• **EXERCISE GOAL**: Apart from the pictures, everything in the lines below must be printed exactly.

• **DATASET SECTION**:

.....

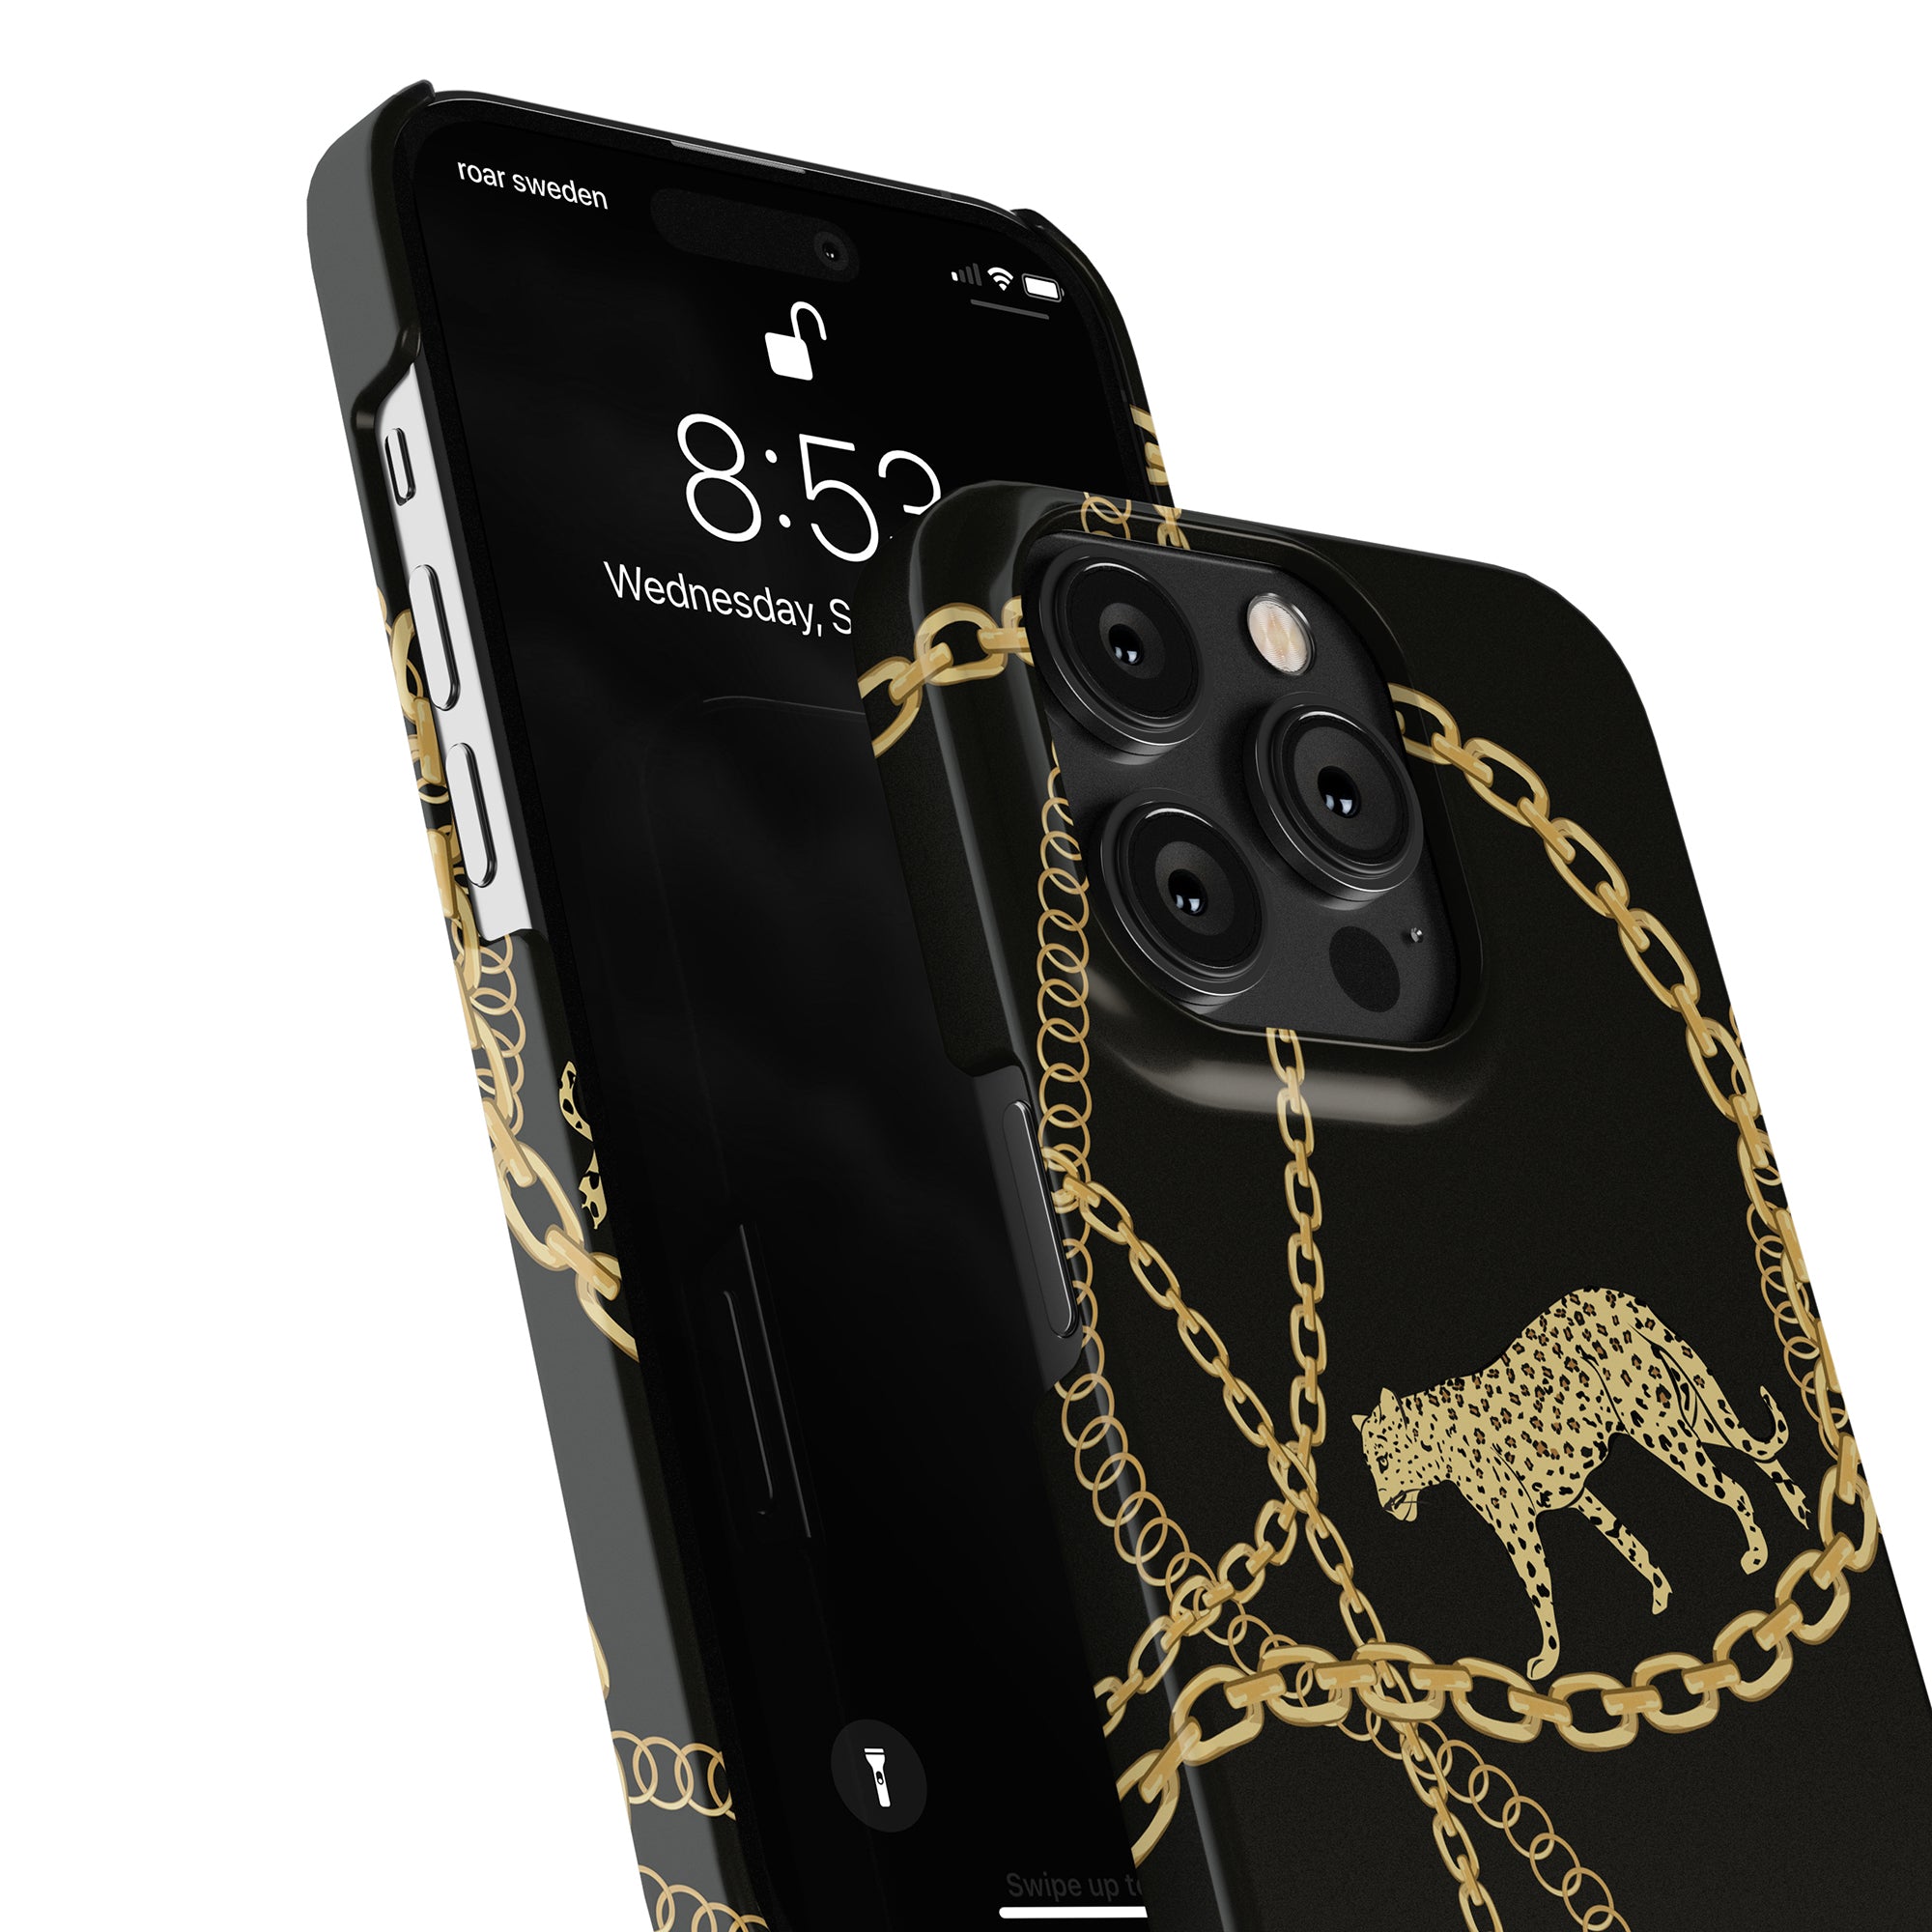 En svart Chains - Slimmet fodral med en guldkedja på, perfekt för dig som uppskattar eleganta accessoarer som smycken och mobilskal. Fodralet har ett elegant leopardmönster som tillför.
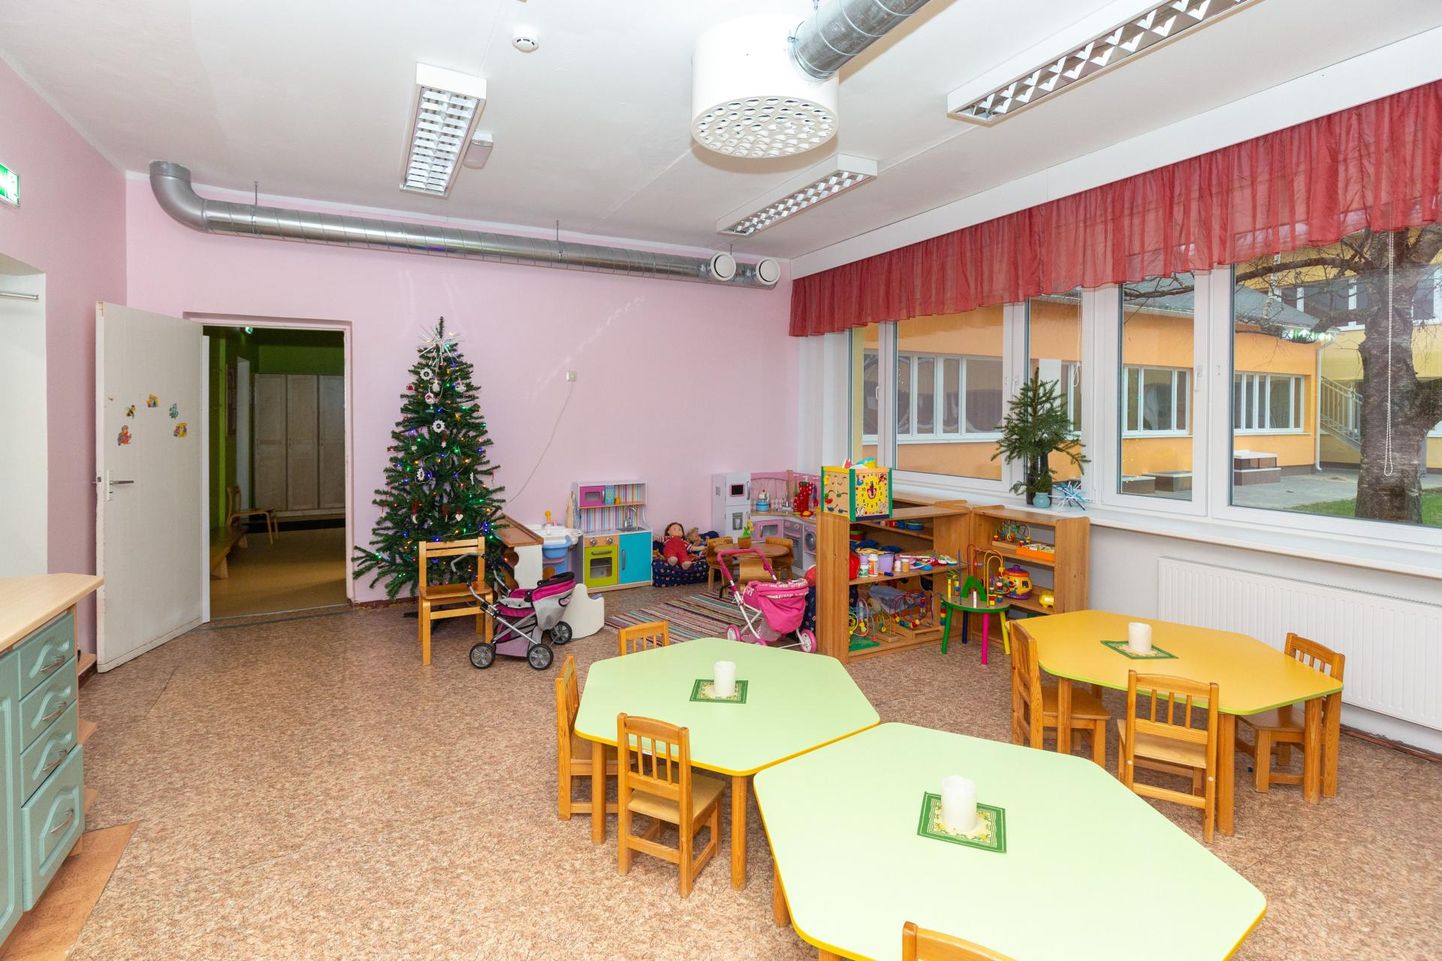 Väljast renoveeritud Männimäe lasteaias ootab veel mitu ruumi põhjalikku remonti.
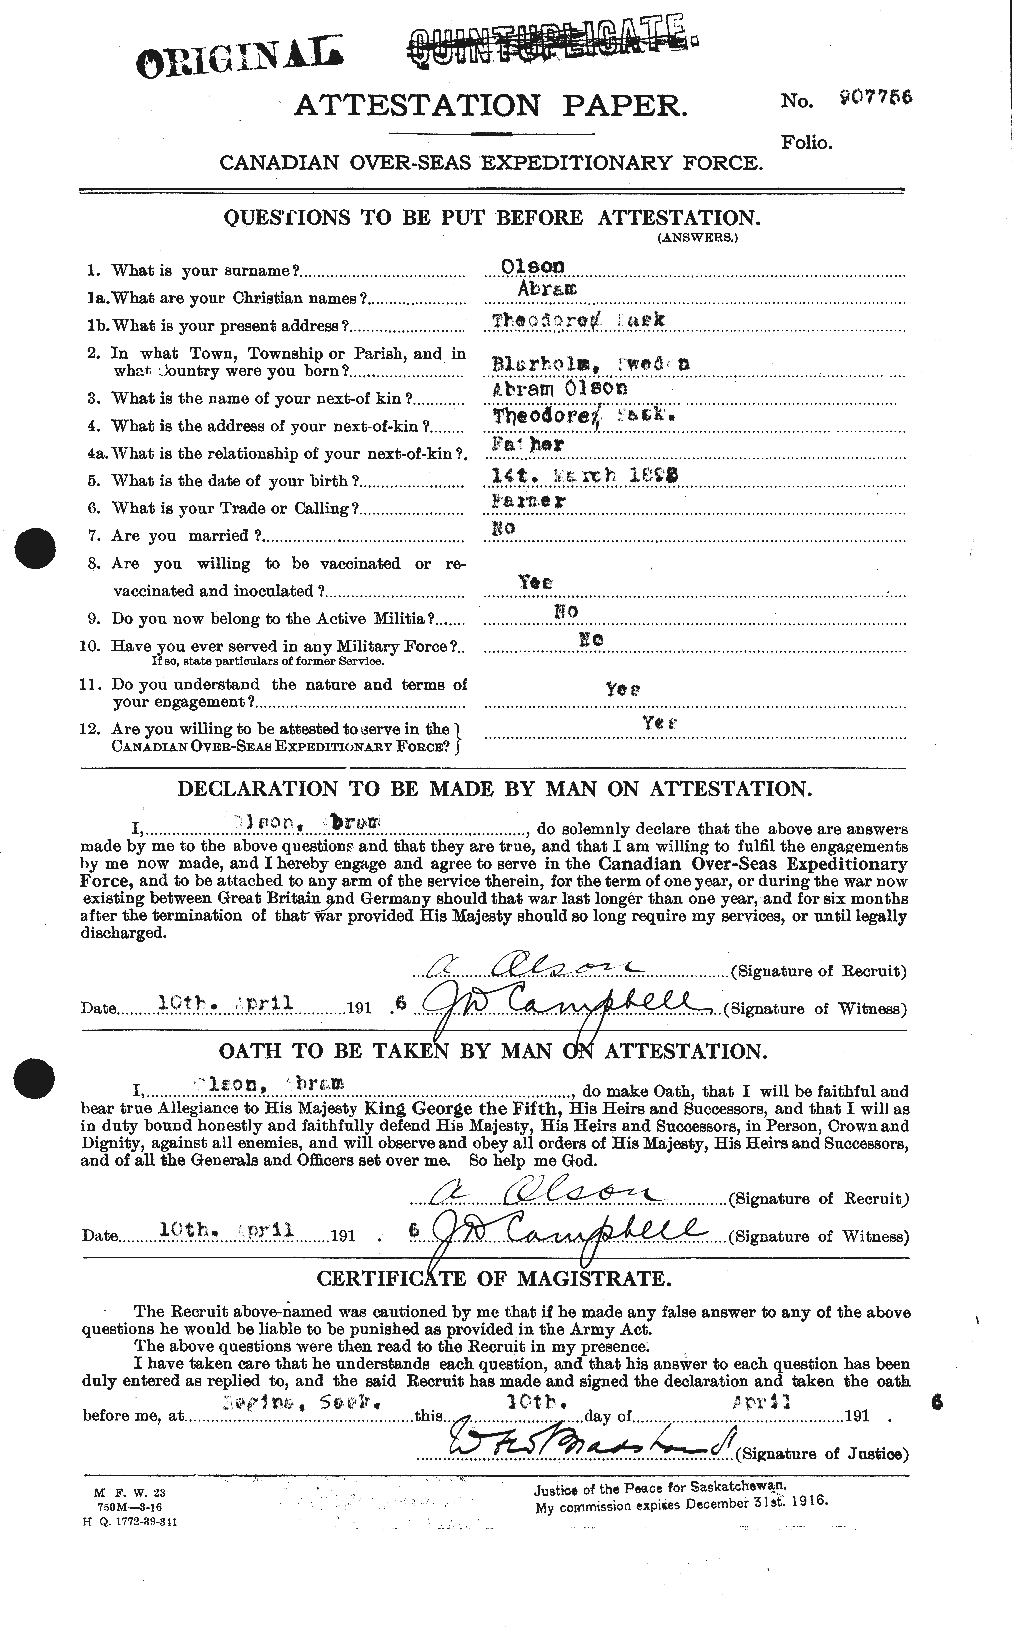 Dossiers du Personnel de la Première Guerre mondiale - CEC 557122a

.....

• **ANSWER SECTION**:
 En svart Chains - Slimmet fodral med en guldkedja på, perfekt för dig som uppskattar eleganta accessoarer som smycken och mobilskal. Fodralet har ett elegant leopardmönster som tillför.
 Väljast renoveeritud Männimäe lasteaias ootab veel mitu ruumi põhjalikku remonti.
 Dossiers du Personnel de la Première Guerre mondiale - CEC 557122a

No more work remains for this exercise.